*** Block opens ***

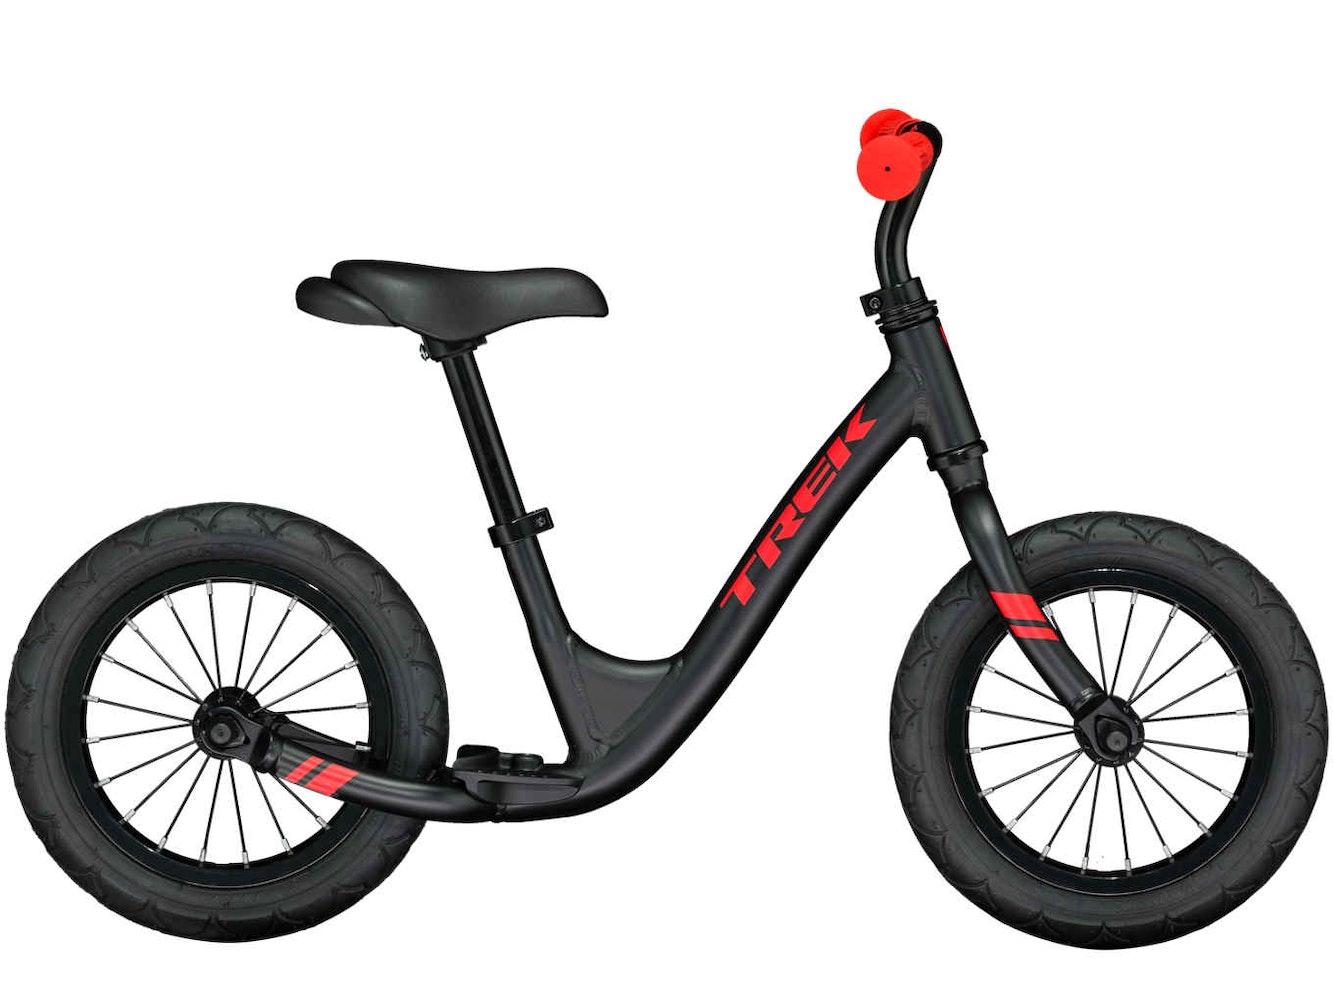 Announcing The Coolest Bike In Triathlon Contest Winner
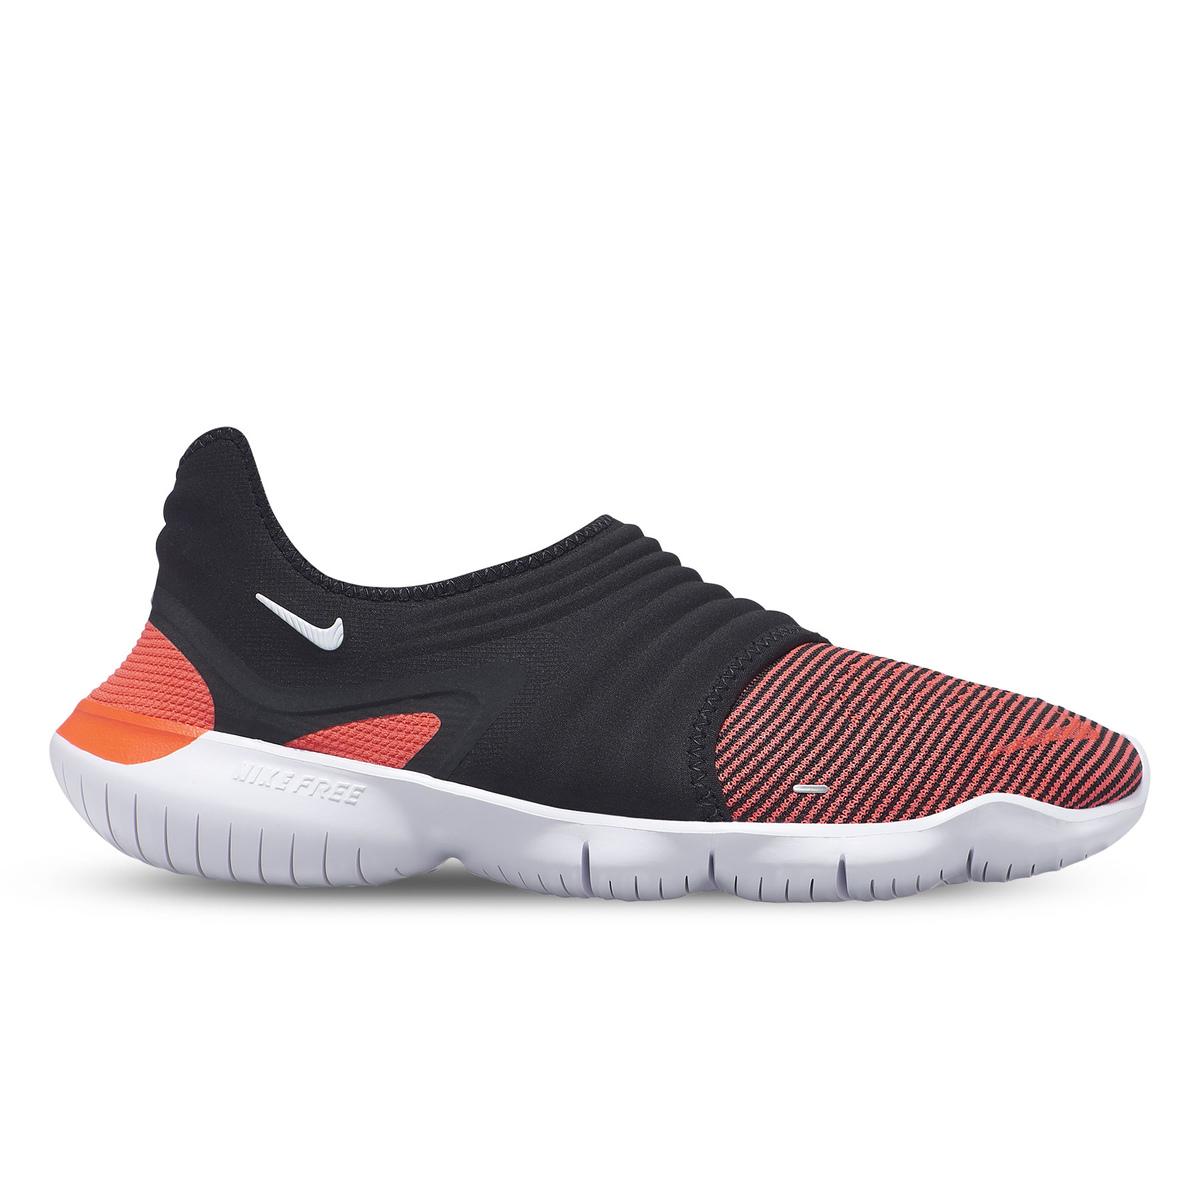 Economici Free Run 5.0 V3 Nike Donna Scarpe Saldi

*** Block closes ***
*** Block opens ***

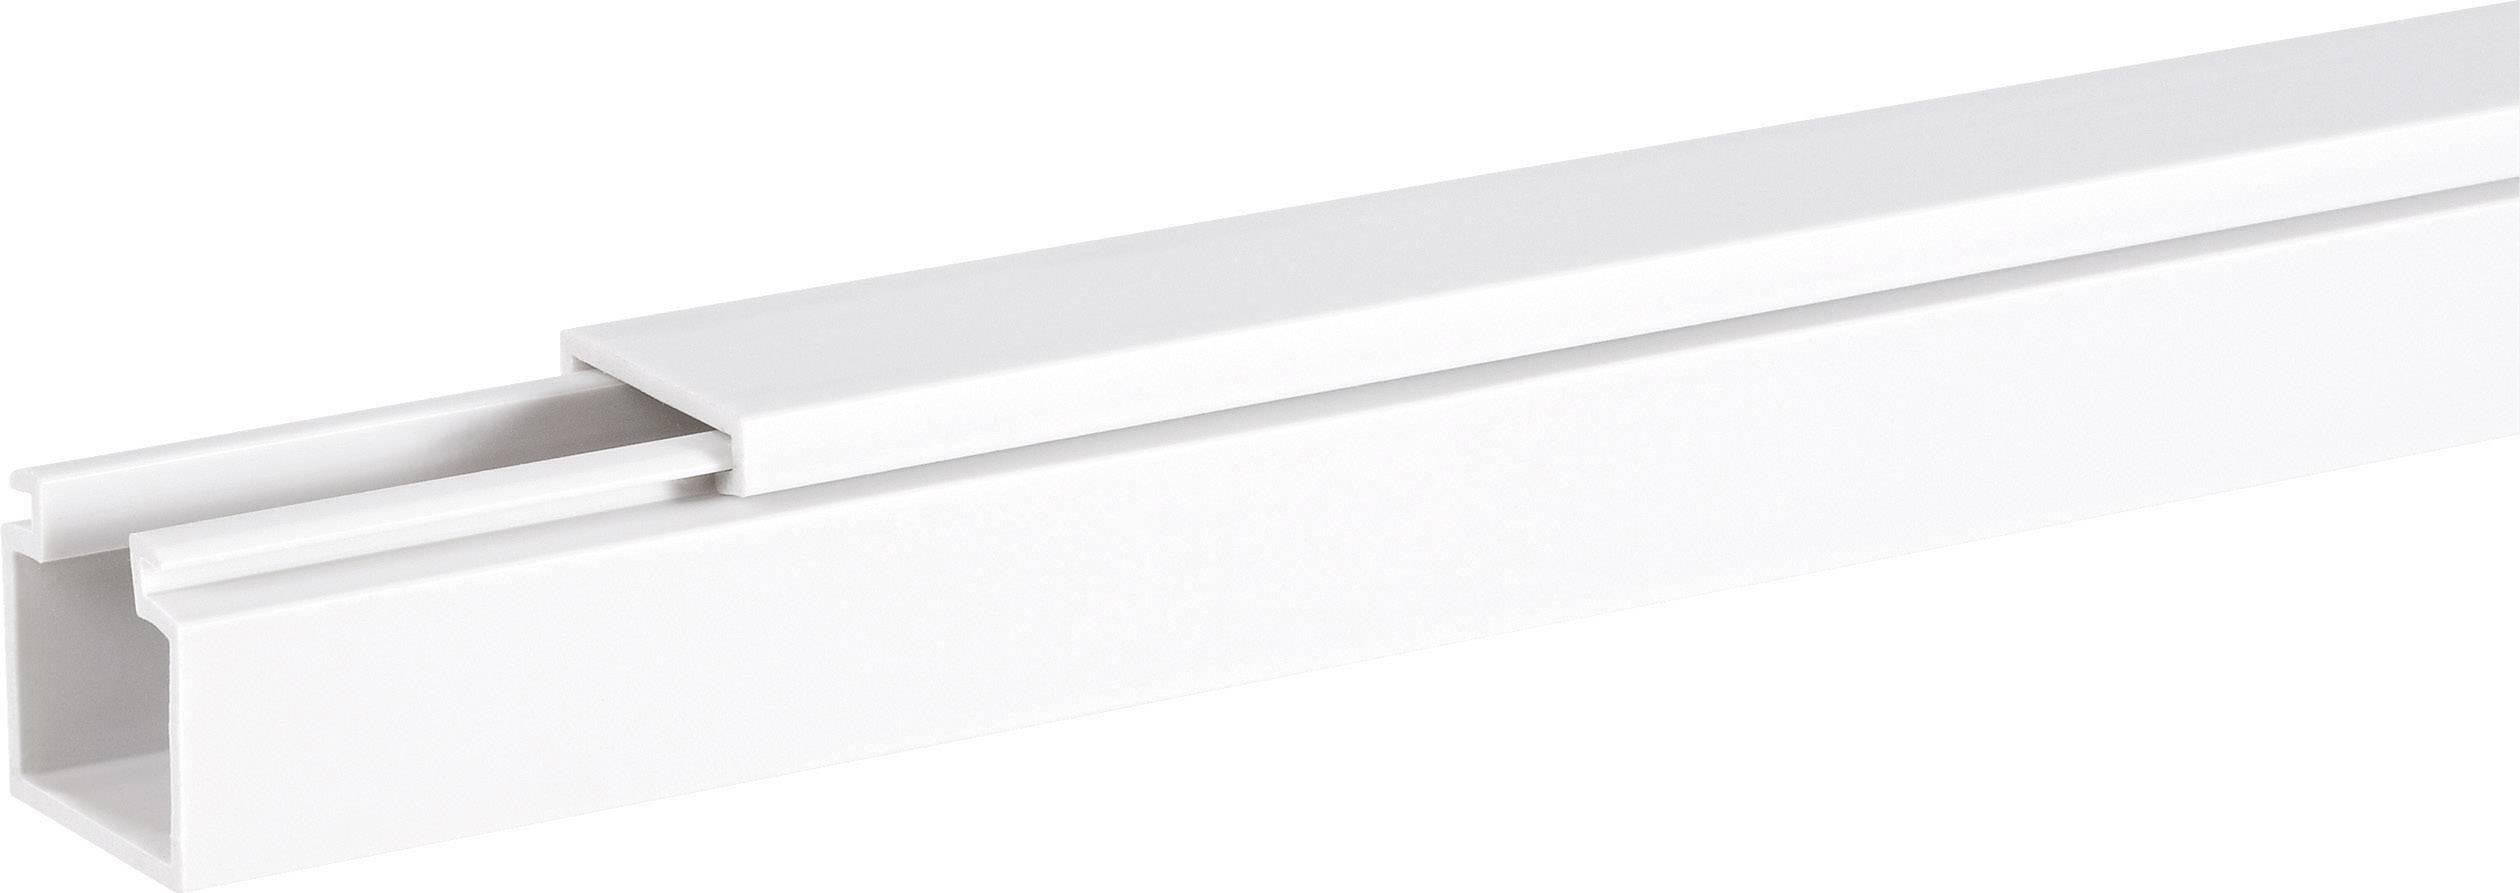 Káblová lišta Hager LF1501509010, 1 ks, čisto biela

*** Block closes ***
*** Block opens ***

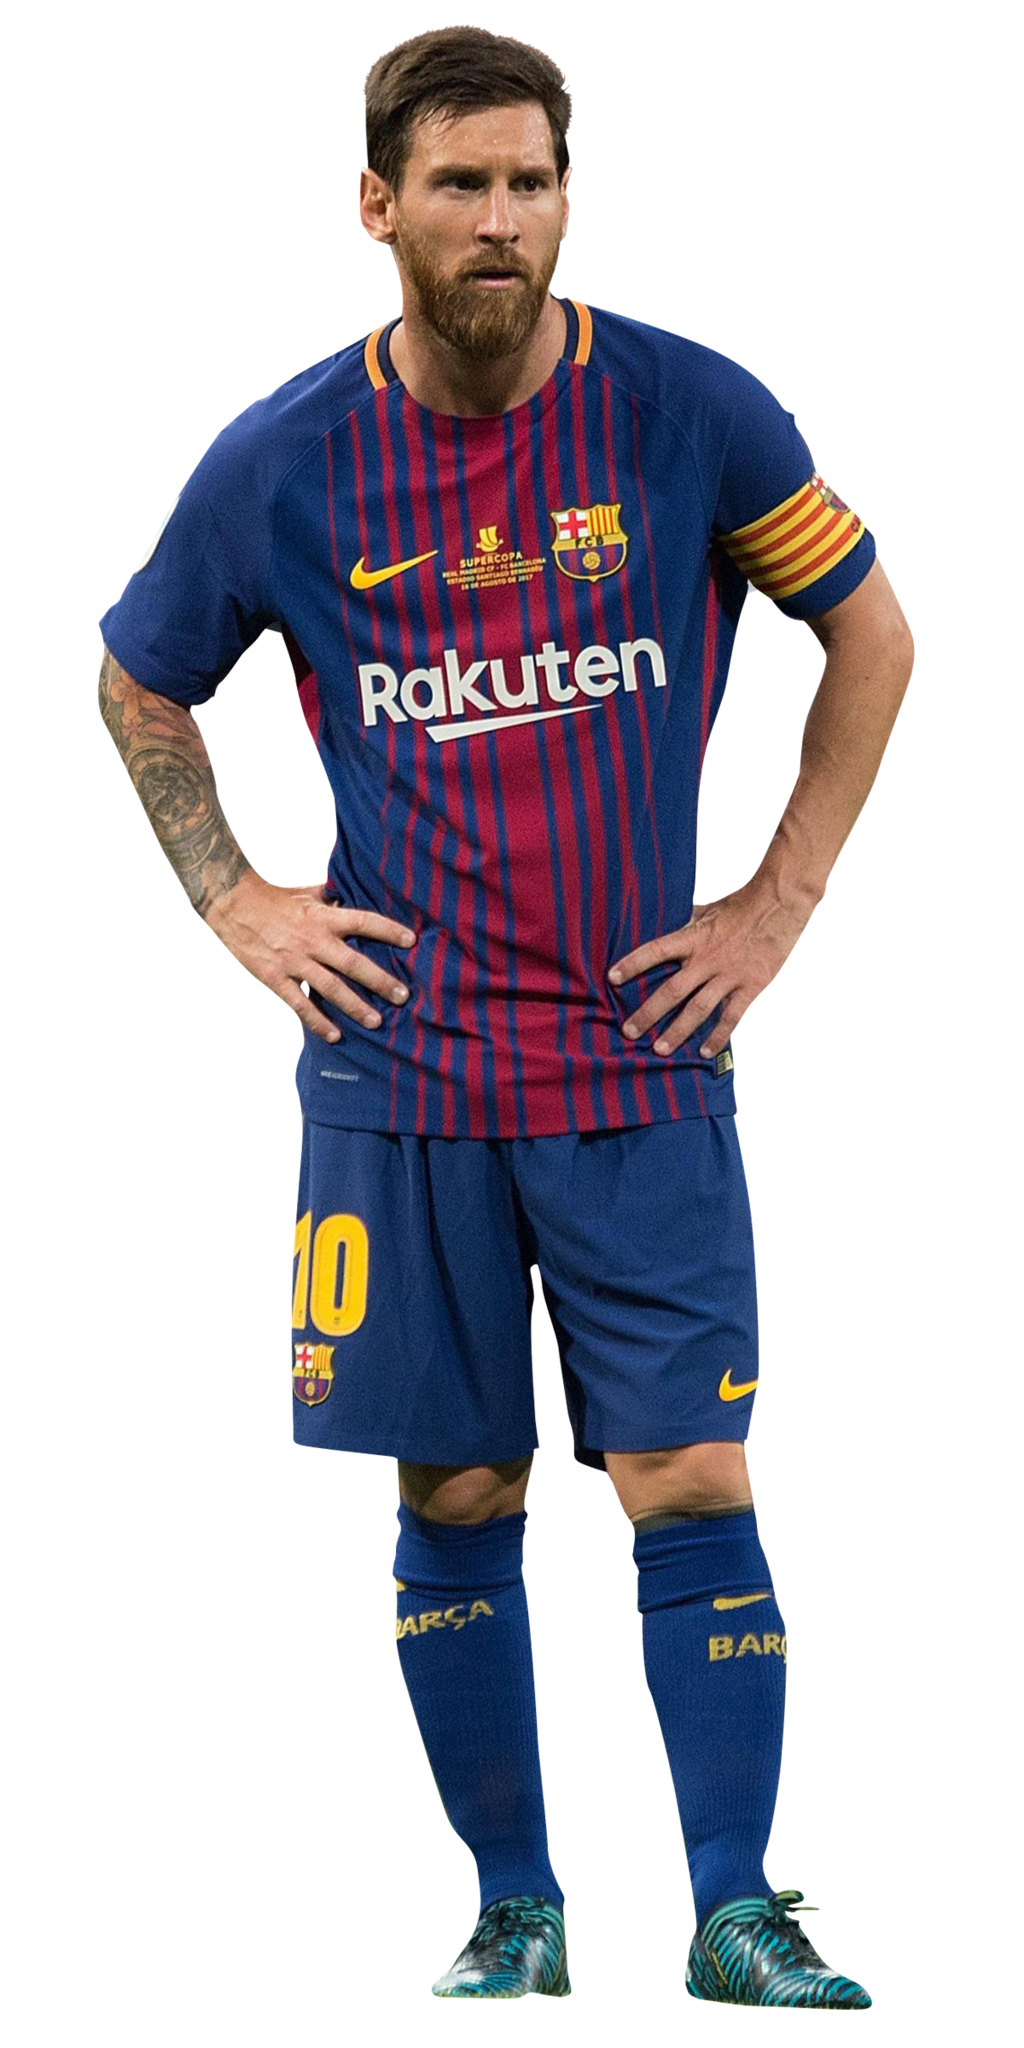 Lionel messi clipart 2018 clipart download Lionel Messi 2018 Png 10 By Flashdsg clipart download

*** Block closes ***

*Required action:* Your output should be the lines above from the one that contains "Announcing The Coolest" through the one that contains "Economici Free Run", word for word, with pictures left out.

*Output for this exercise:*
 Announcing The Coolest Bike In Triathlon Contest Winner
 Economici Free Run 5.0 V3 Nike Donna Scarpe Saldi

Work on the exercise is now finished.